Given information:

....

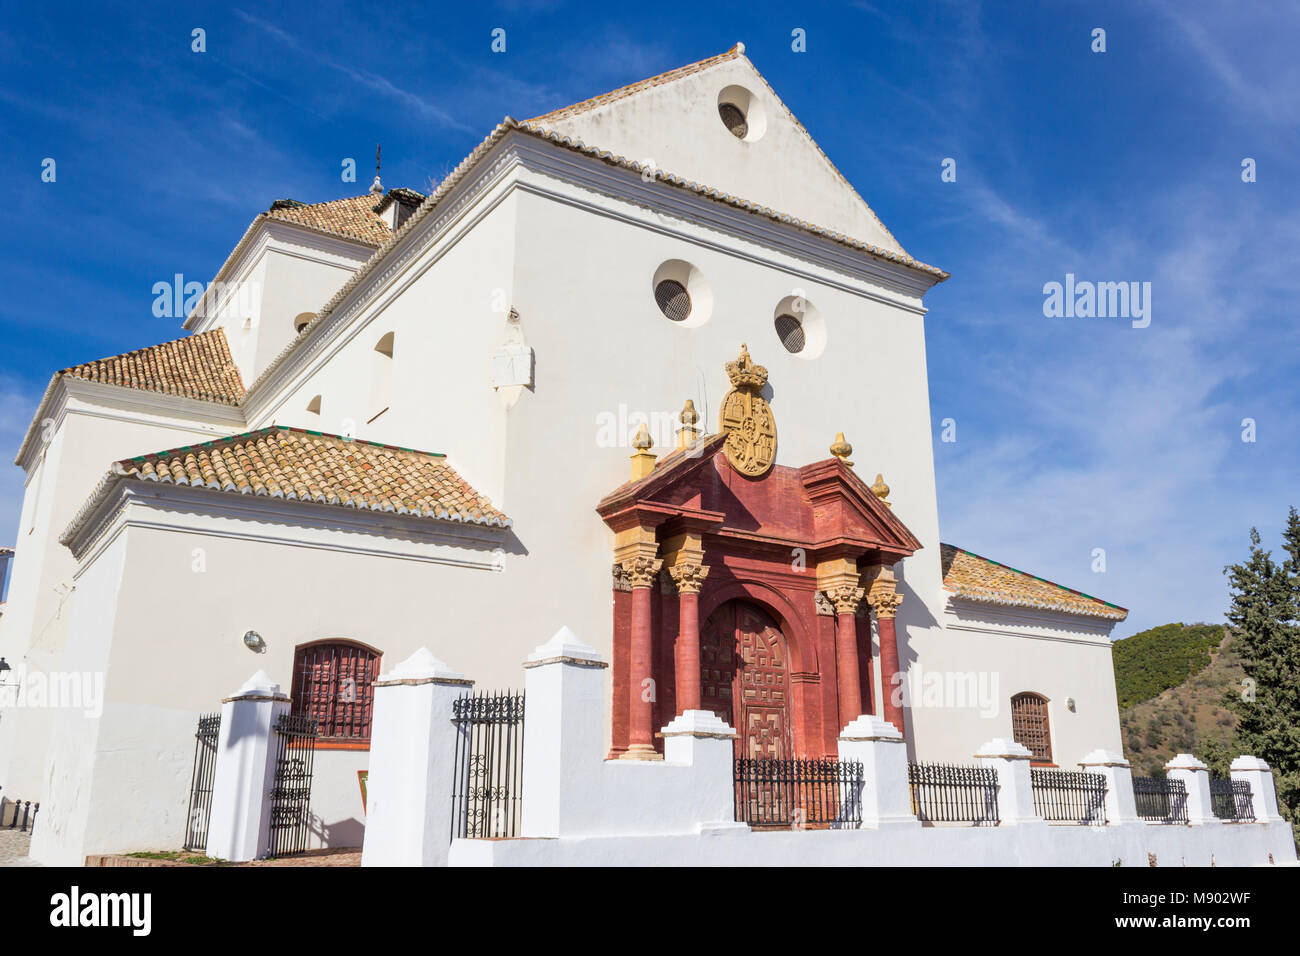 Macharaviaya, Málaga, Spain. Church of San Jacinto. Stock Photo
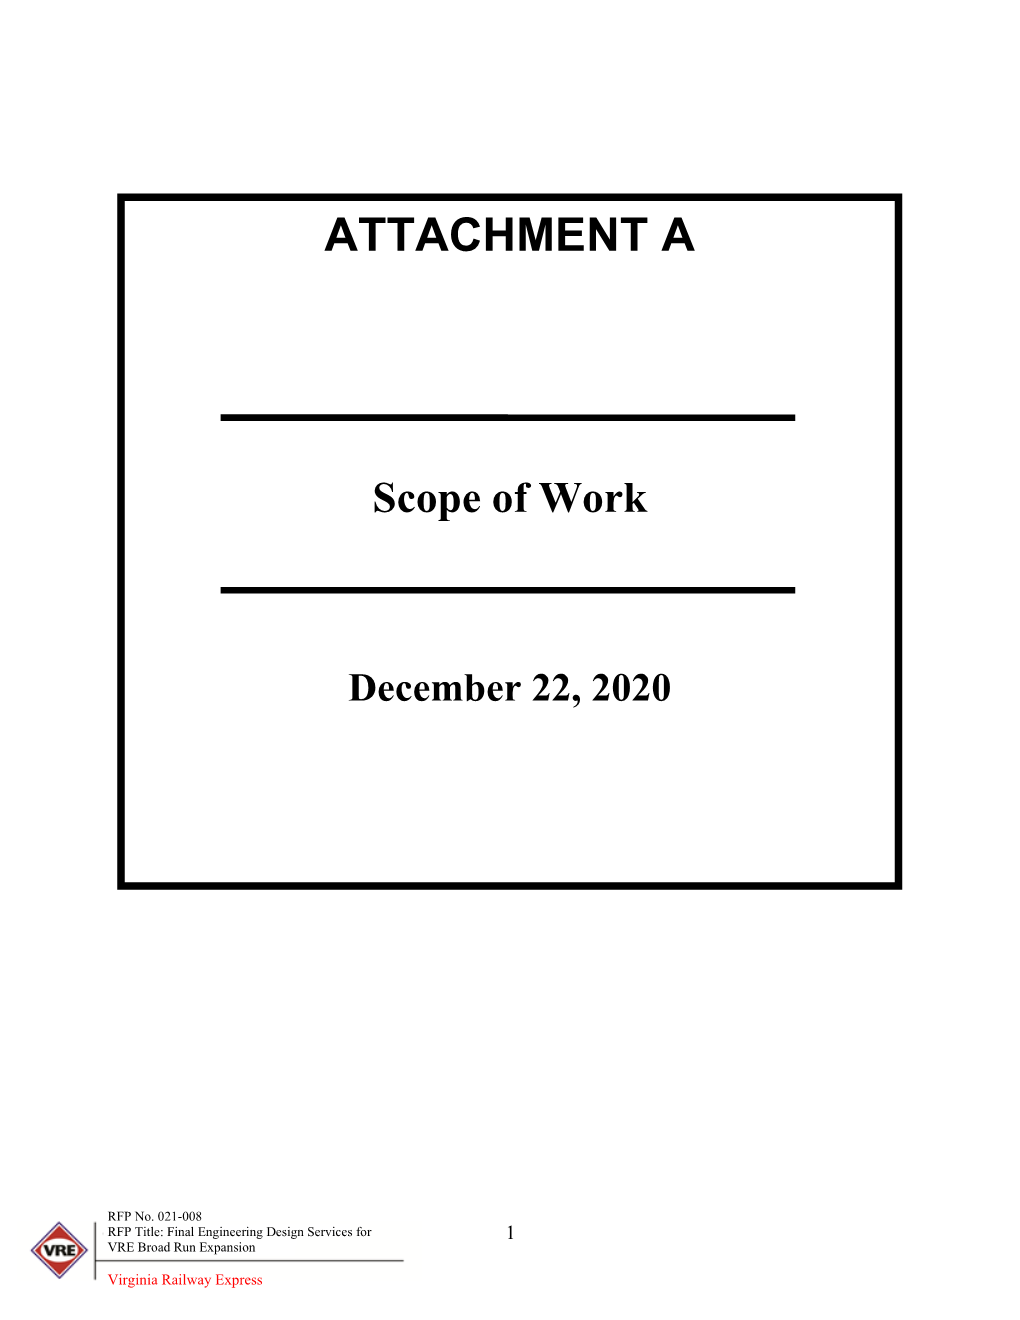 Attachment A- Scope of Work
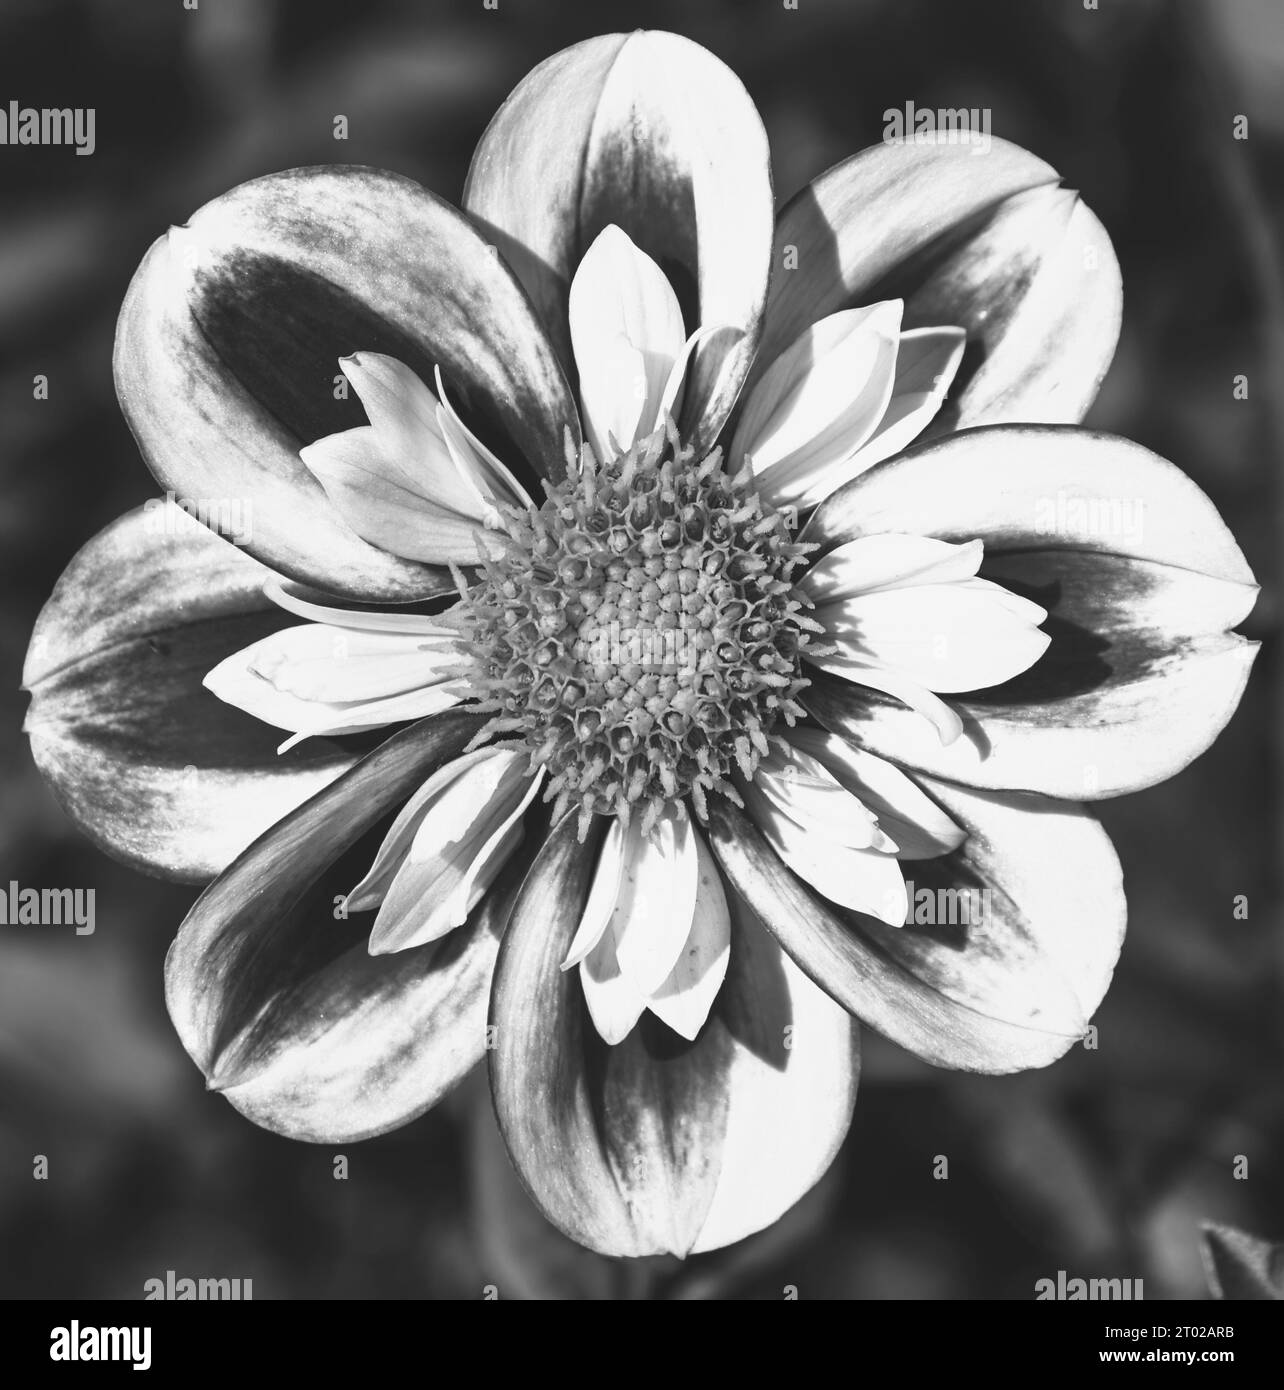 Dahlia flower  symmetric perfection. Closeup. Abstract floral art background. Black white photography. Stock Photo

....

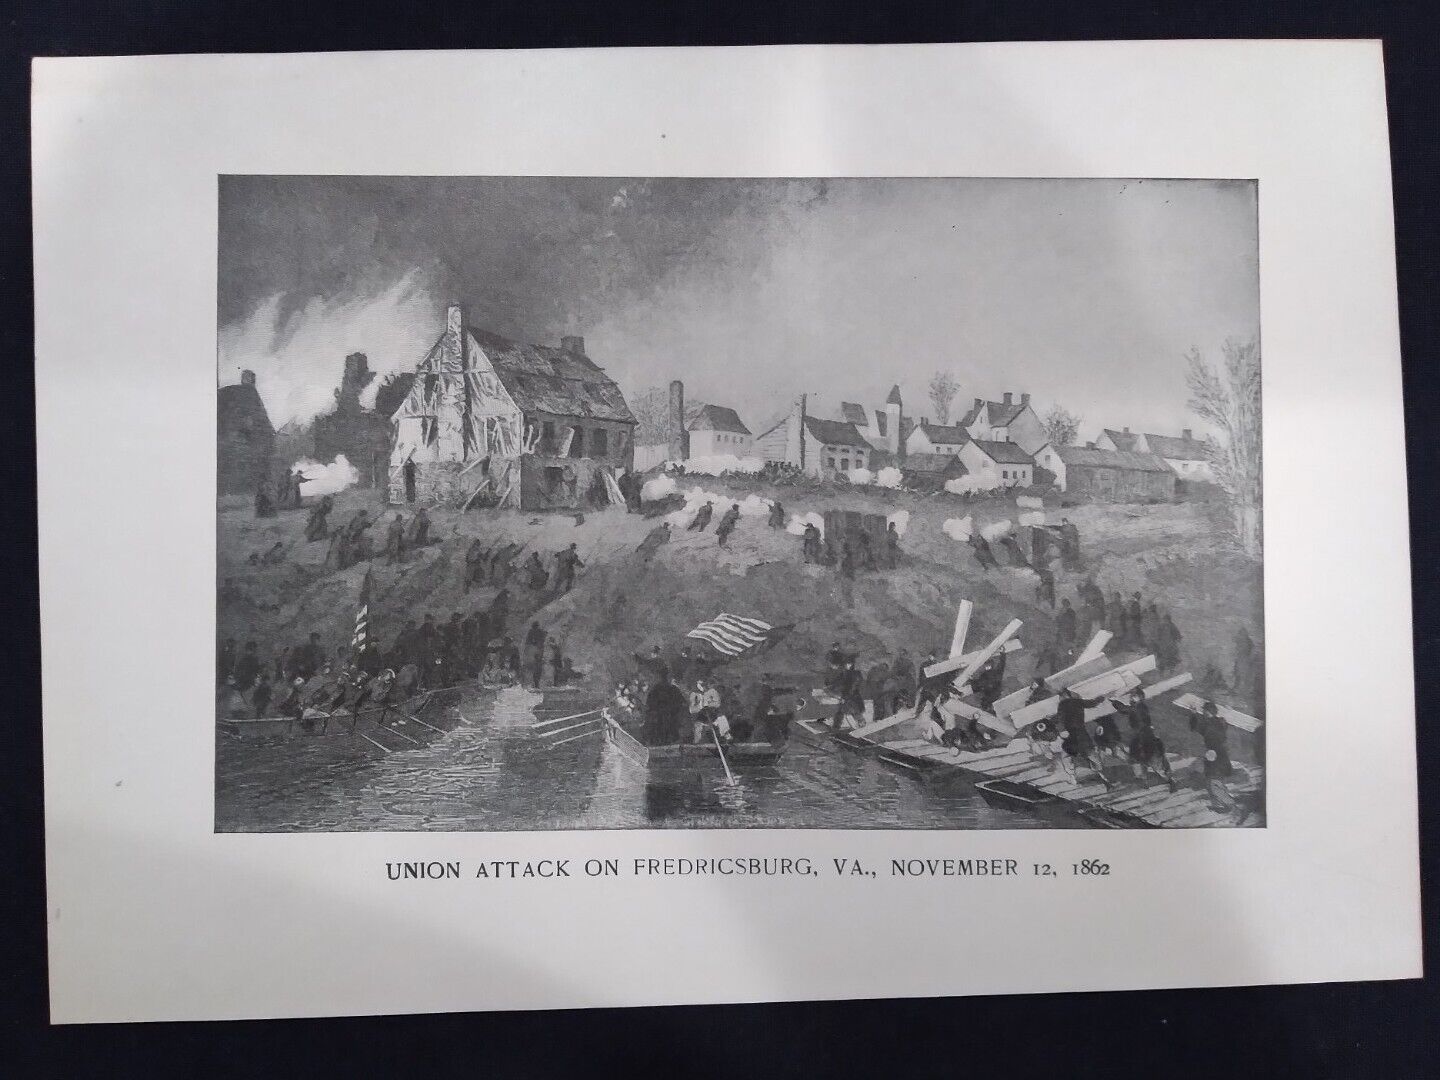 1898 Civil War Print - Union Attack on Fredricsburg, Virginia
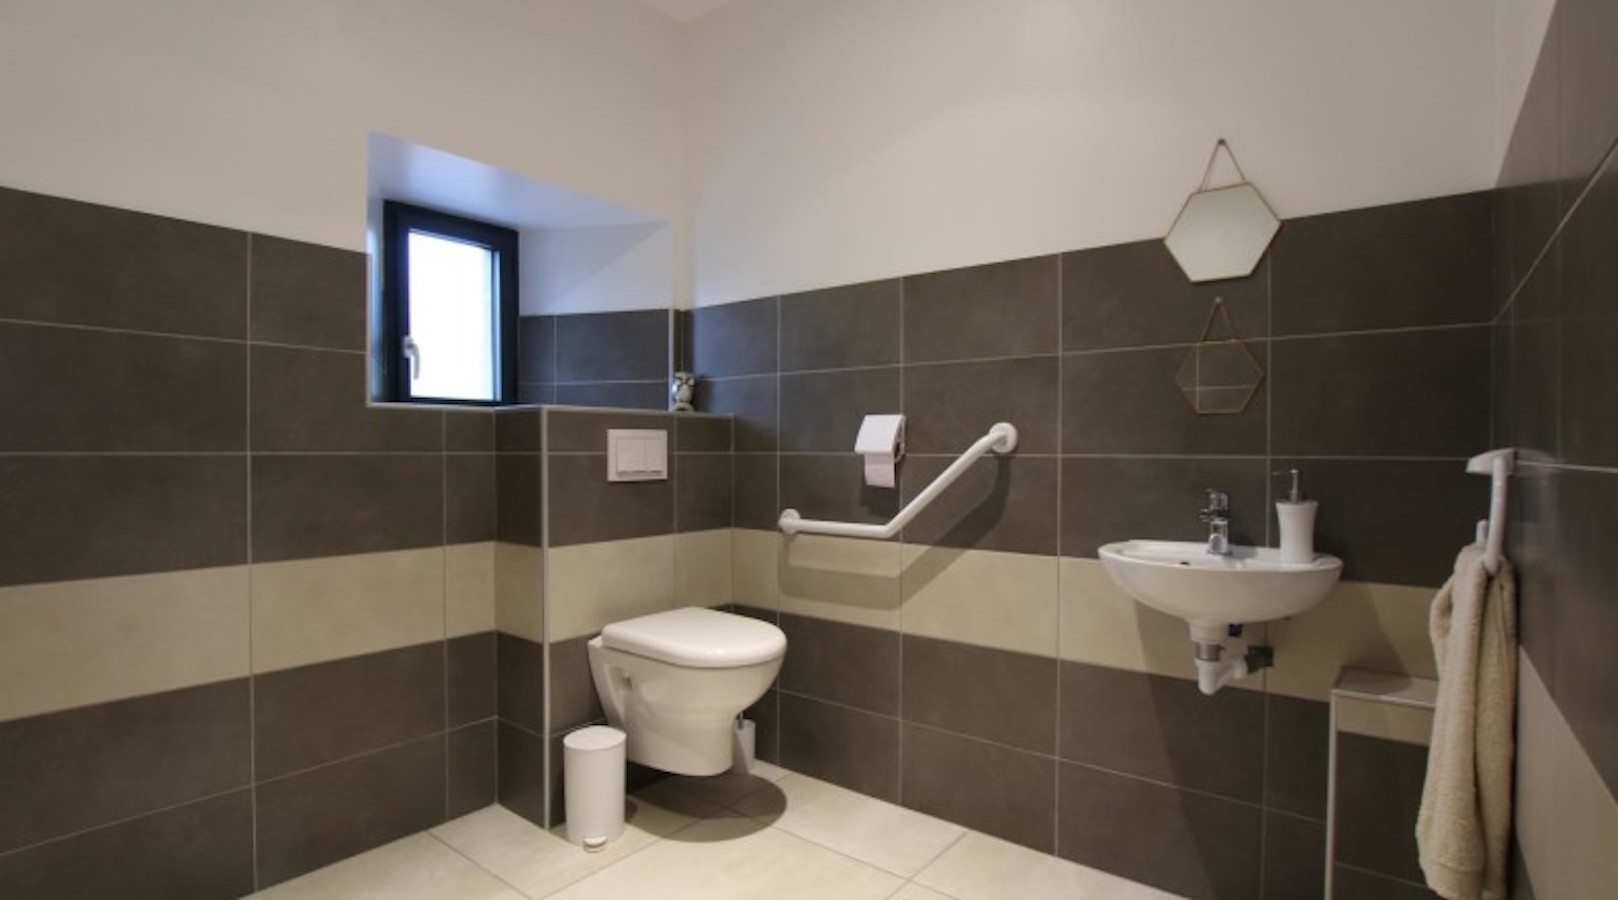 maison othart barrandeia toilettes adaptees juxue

....

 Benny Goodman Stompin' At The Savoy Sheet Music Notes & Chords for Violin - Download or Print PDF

....

What you are asked to do: Pictures aside, return exactly the lines from the data above, starting at the line that has "Macharaviaya, Málaga, Spain." and ending at the line that has "photography. Stock Photo", both included.

Response to this exercise:
 Macharaviaya, Málaga, Spain. Church of San Jacinto. Stock Photo
 Attachment A- Scope of Work
 Dahlia flower  symmetric perfection. Closeup. Abstract floral art background. Black white photography. Stock Photo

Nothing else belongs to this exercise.